Sûrenin anlamı şu şekildedir:
“Bismillahirrahmânirrahîm.
- Ey peygamber! Eğer kadınlarını boşarsan, onları boşanma süreleri içinde bekletmeye gerek yoktur; onların bekleme sürelerini tamamlasınlar ve onları güzellikle serbest bırakın. Allah’ın sınırlarını aşmayın ve onları zorlamayın. Kim sınırları aşarsa, artık o, kendi aleyhine bir zarara uğramış olur. Allah’ın sözlerini hafife almasınlar. Şüphesiz Allah, yapmakta olduklarınızı görür.
- Boşandıklarında, onları evlerinden çıkarmanızda bir sakınca yoktur. Fakat onları iyi şekilde yerleştirin. Onları zorlamayın ki, verdiğiniz şeyi geri almayasınız. Kim onları geri alırsa, artık o, Allah’ın sınırlarını aşmış olur. Siz de Allah’ın sınırlarını hafife almış olmaz mısınız? Allah’ın âyetlerini eğlenceye almayın ve Allah’ın nimetlerini kullanarak aldatıcı bir şeyler peşinde koşmayın.

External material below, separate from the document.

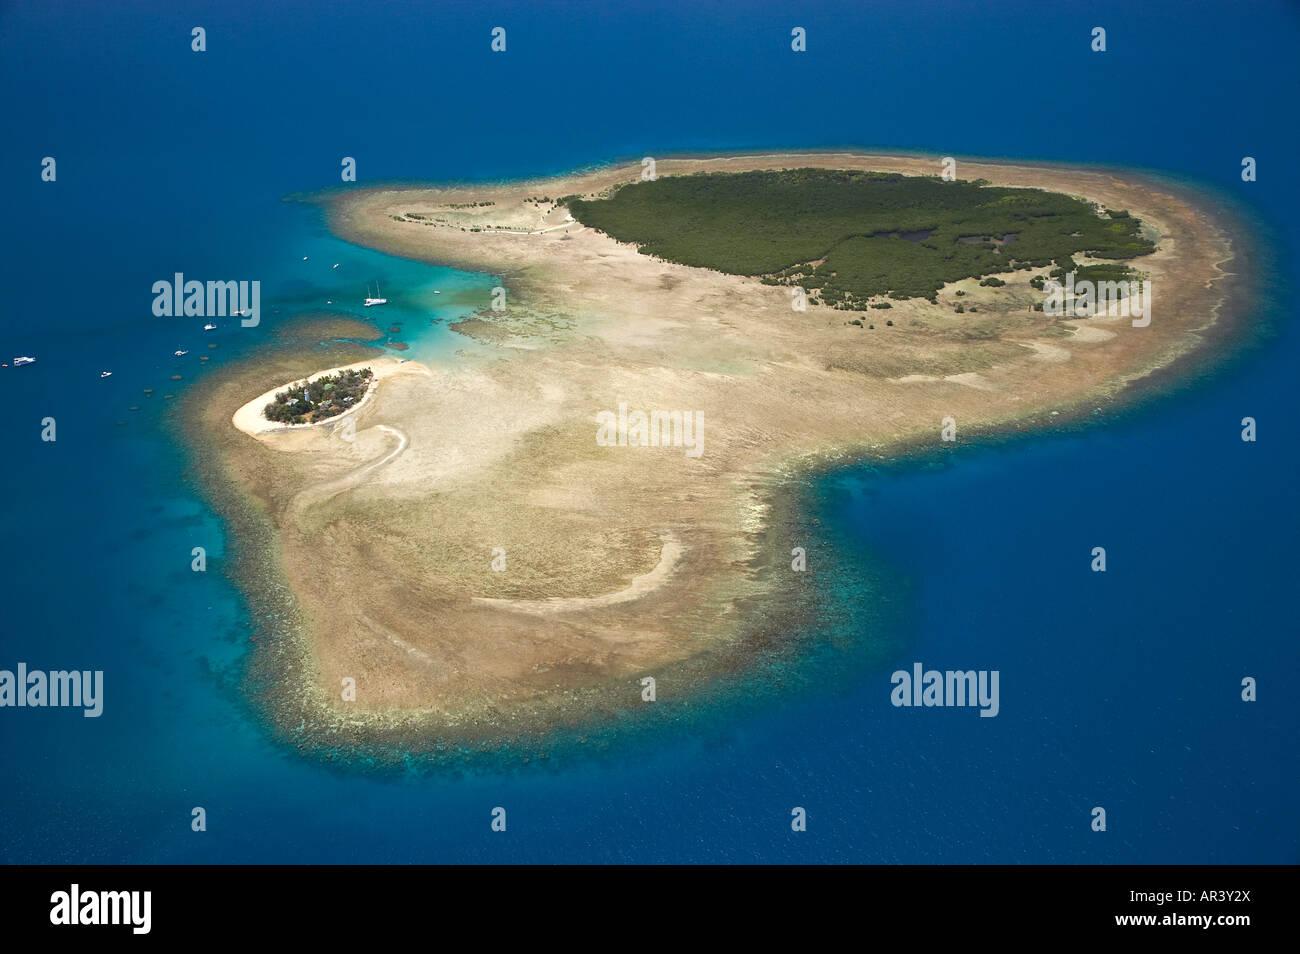 Low Isles reef in shape of map of Australia Great Barrier Reef Marine Park near Port Douglas North Queensland Australia - Stock Image

- Eğer eşlerinizden birini boşarsanız, onları iddet sürelerini tamamladıktan sonra tekrar evlenebilirsiniz. Eğer onlardan tamamen ayrılmaya karar verirseniz, onlar için meşru bir yolla ayrılık maaşı tayin edin ve güzellikle ayrılın. Allah’a karşı gelmekten sakının ve şahitlik yapmaktan kaçınmayın. Allah, yapmakta olduğunuz her şeyi hakkıyla görmektedir.
- Allah, sizin için felâhet yollarını açandır. Kim Allah’a ve ahiret gününe inanıyorsa, ona bolca rızık verecektir ve ona, hayırlı bir çıkış yolu gösterecektir.
- Kim Allah’a güvenirse, O’nun kendisine yeterli olacağını bilir. Allah, yapmakta olduğunuz her şeyi hakkıyla görür.
- Boşanma konusunda size bir hüküm vermediği takdirde, daha önce onları dokunduğunuz mehirlerin bir kısmını verin. Eğer onlar size bir şeyi bağışlarlarsa, onu da afiyetle kabul edin ve Allah’a güvenin. Şüphesiz Allah, günahları bağışlayandır, esirgeyendir.”
Talâk Suresi, boşanma konusunda Allah’ın hükümlerine uyulmasını, adil davranılmasını ve sabır gösterilmesini öğütler. Surenin mesajı, evlilik ve boşanma süreçlerinde adil ve insaflı davranmanın önemini vurgular. Ayrıca, Allah’a güvenin ve O’na teslimiyetle hareket edin. Surenin sonunda ise Allah’ın rızık veren ve çıkış yollarını açan olduğu hatırlatılır.